GOAL OF THE EXERCISE – Without including any pictures, copy every line below exactly.

EXERCISE DATA –
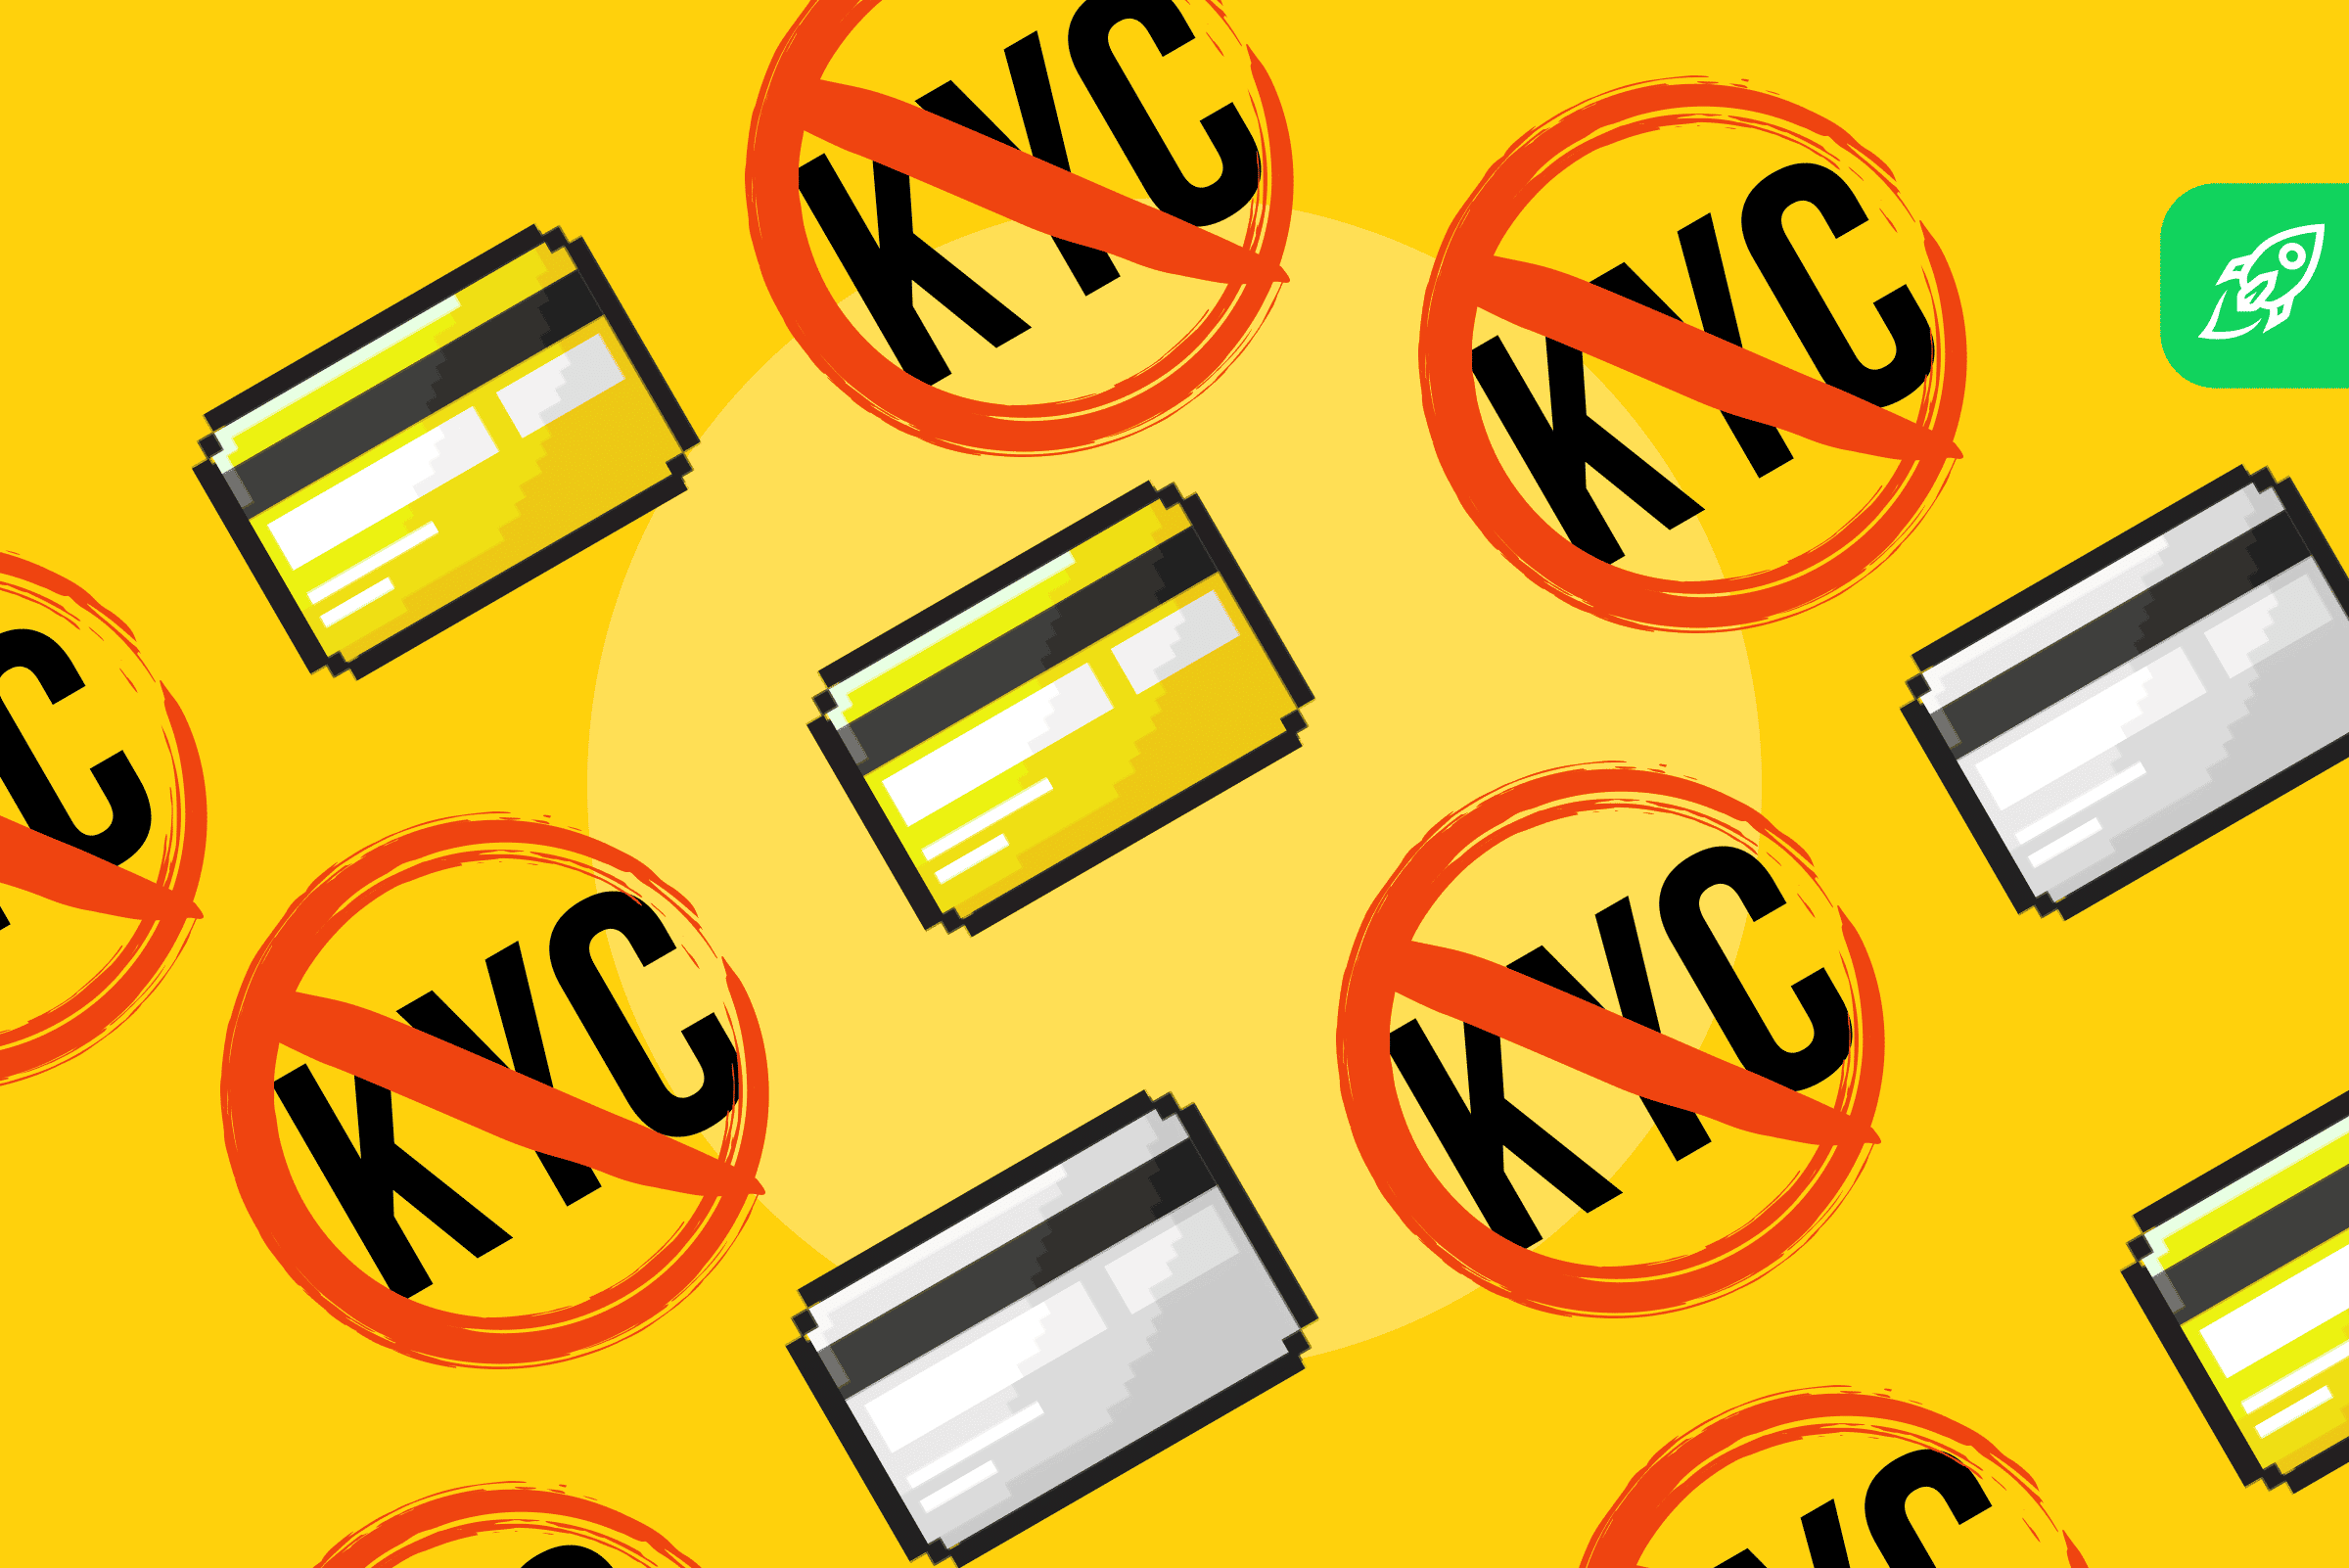 crypto credit card without kyc
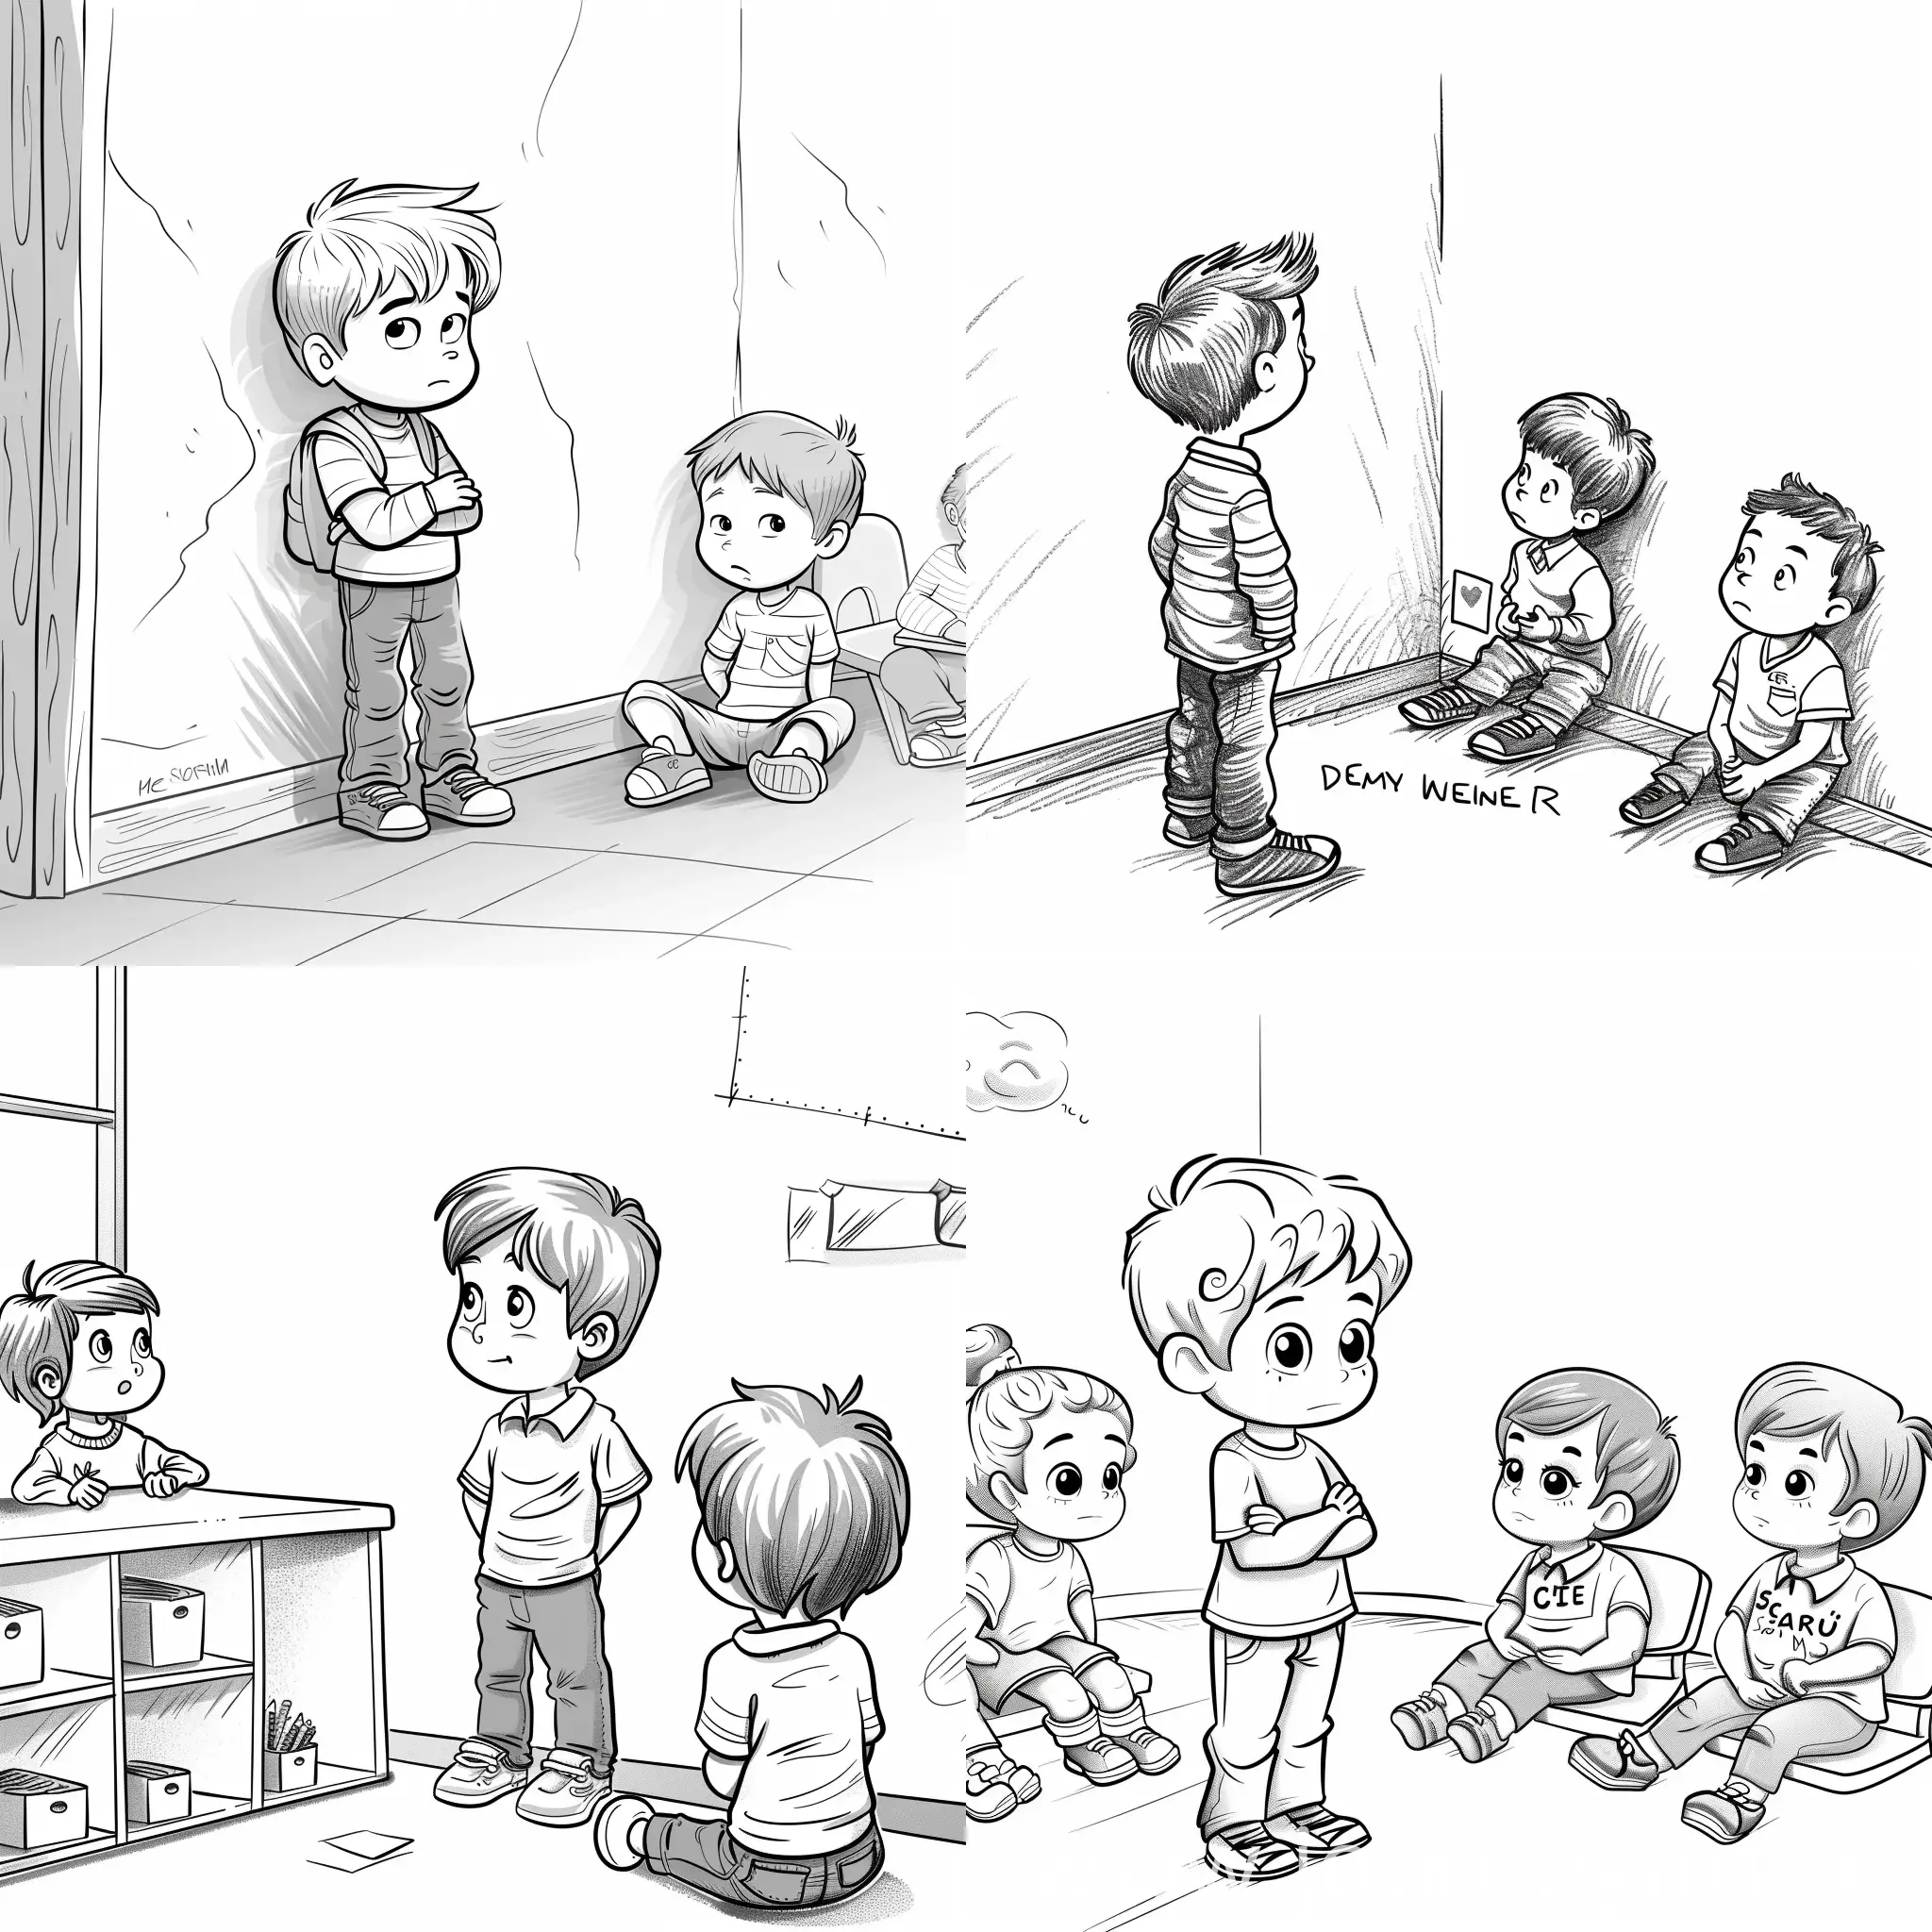 Curious-Little-Boy-Observing-Classmates-with-Coloring-Book-in-Cartoon-Style
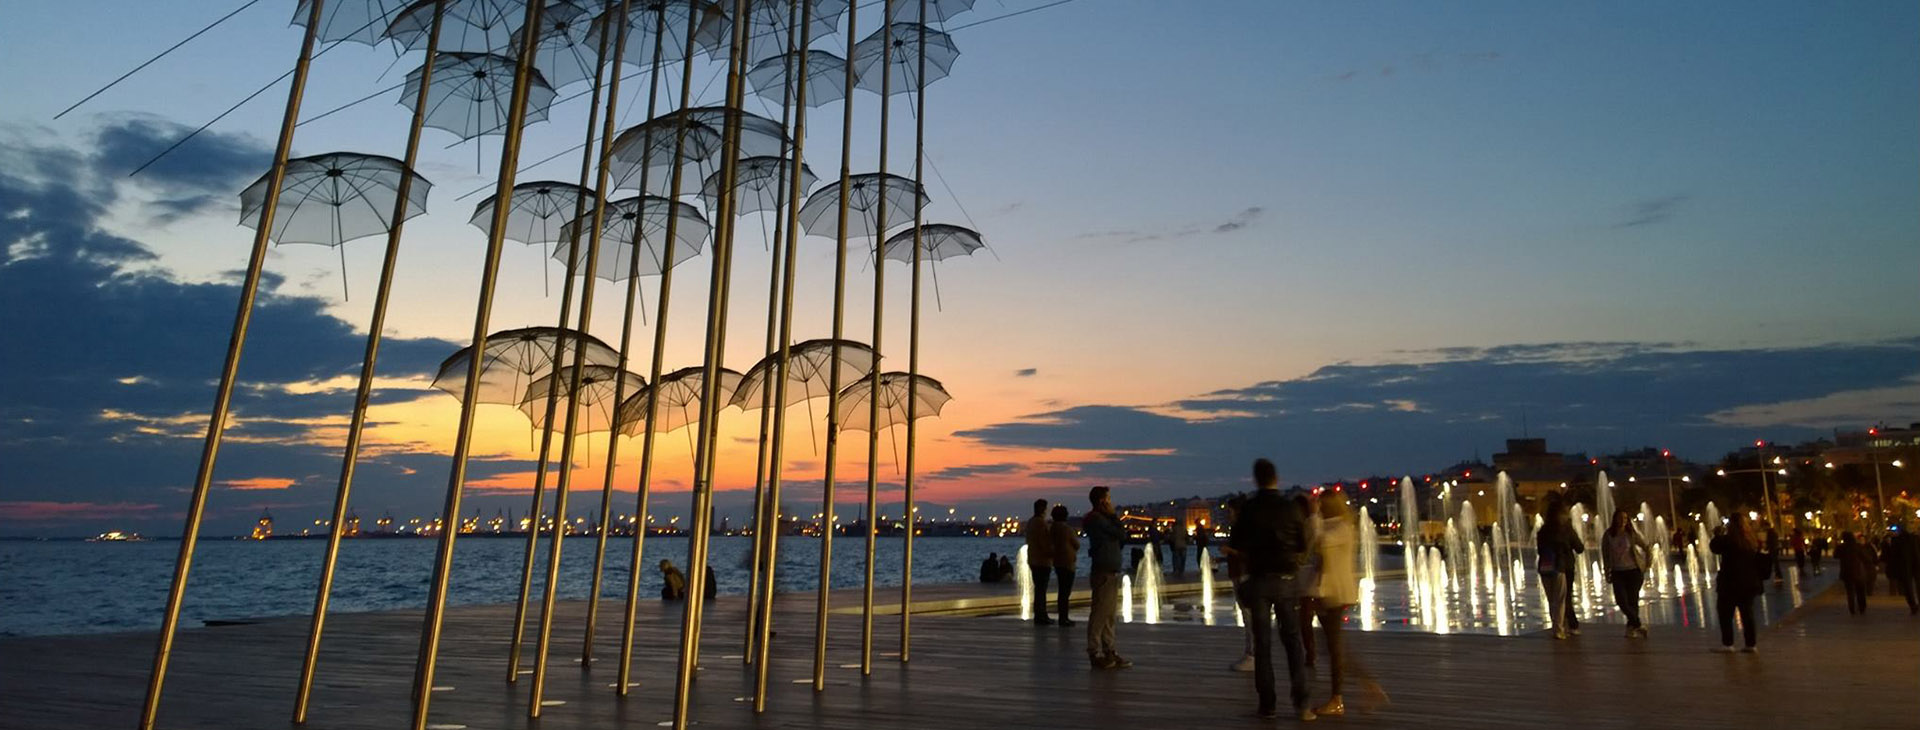 “Umbrellas” modern art statue during sunset at the seafront of Thessaloniki City

EXERCISE ANSWER –
 crypto credit card without kyc
 Curious-Little-Boy-Observing-Classmates-with-Coloring-Book-in-Cartoon-Style
 “Umbrellas” modern art statue during sunset at the seafront of Thessaloniki City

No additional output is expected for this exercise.